* [Data shown]
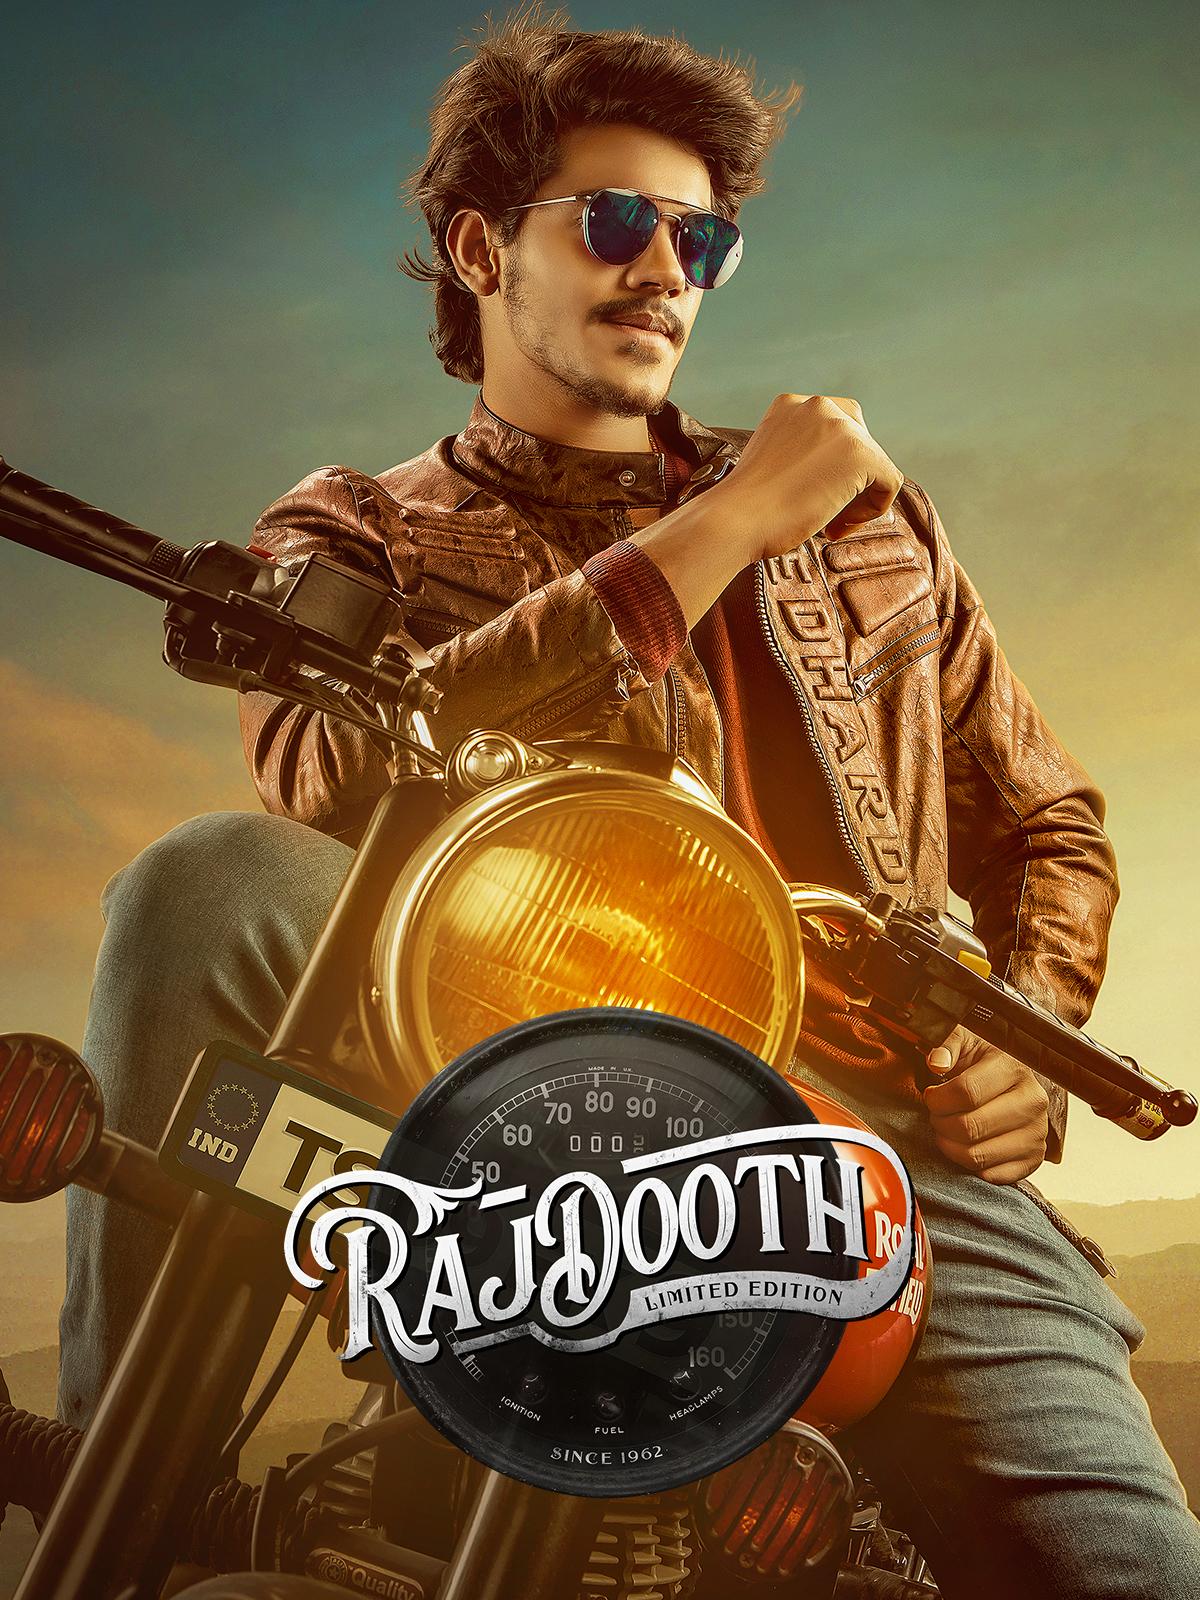 Raja Ki Rajdoot (Rajdooth) 2021 Hindi Dubbed 1.7GB HDRip 1080p Download
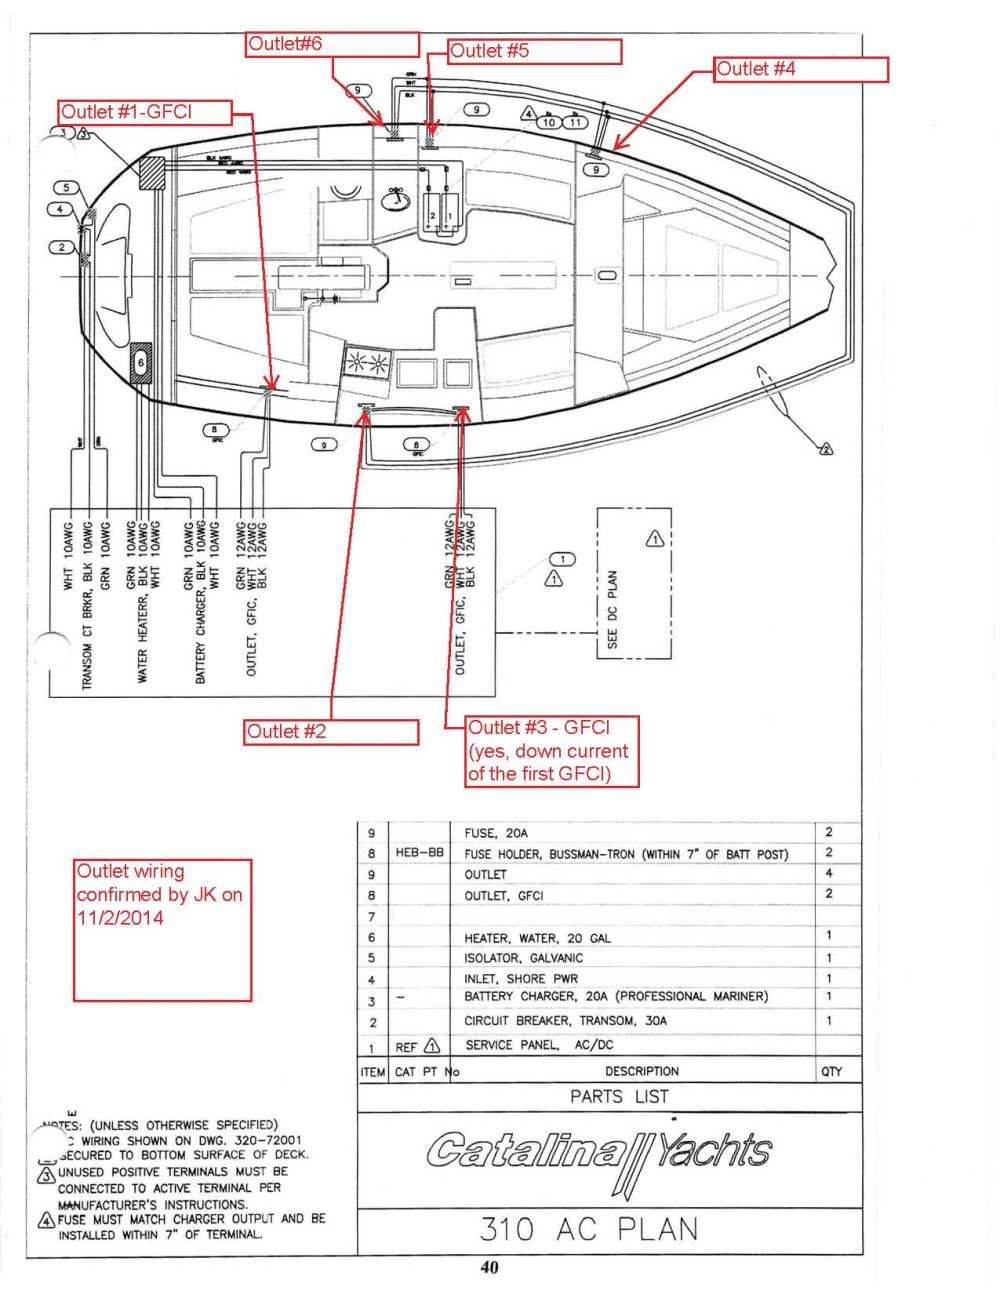 medium resolution of c310 115vac wiring diagram v2 c310 ac plan v2
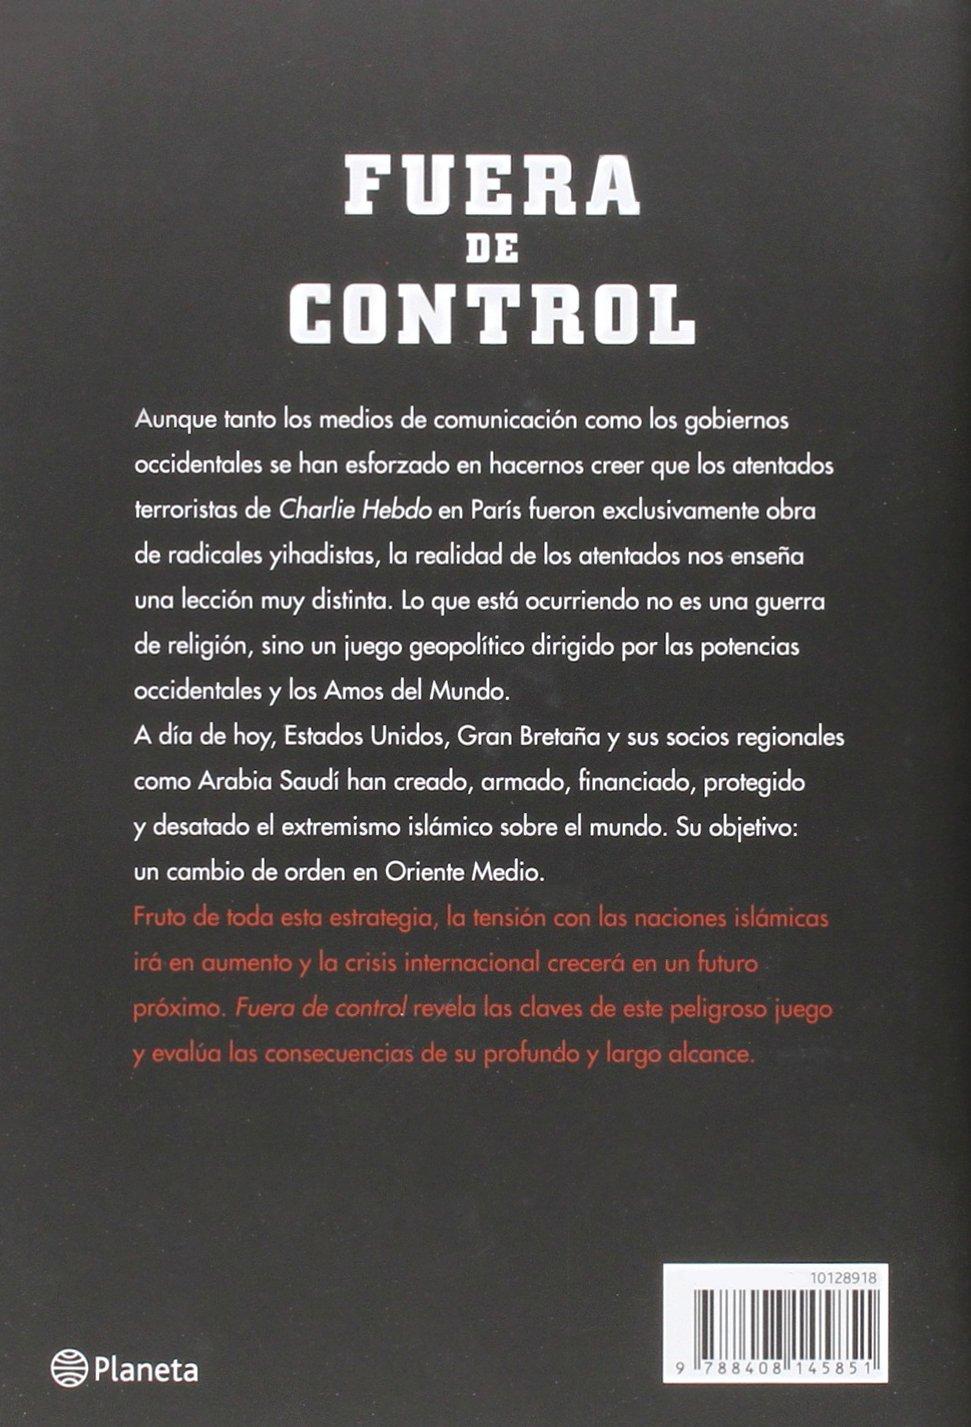 Fuera de control: Cómo Occidente creó, financió y desató el terror del Estado Islámico sobre el mundo No Ficcion: Amazon.es: Daniel Estulin: Libros

* [Exercise brief]
Would you print the whole listing exactly, omitting the pictures?

* [Output below]
 Raja Ki Rajdoot (Rajdooth) 2021 Hindi Dubbed 1.7GB HDRip 1080p Download
 medium resolution of c310 115vac wiring diagram v2 c310 ac plan v2
 Fuera de control: Cómo Occidente creó, financió y desató el terror del Estado Islámico sobre el mundo No Ficcion: Amazon.es: Daniel Estulin: Libros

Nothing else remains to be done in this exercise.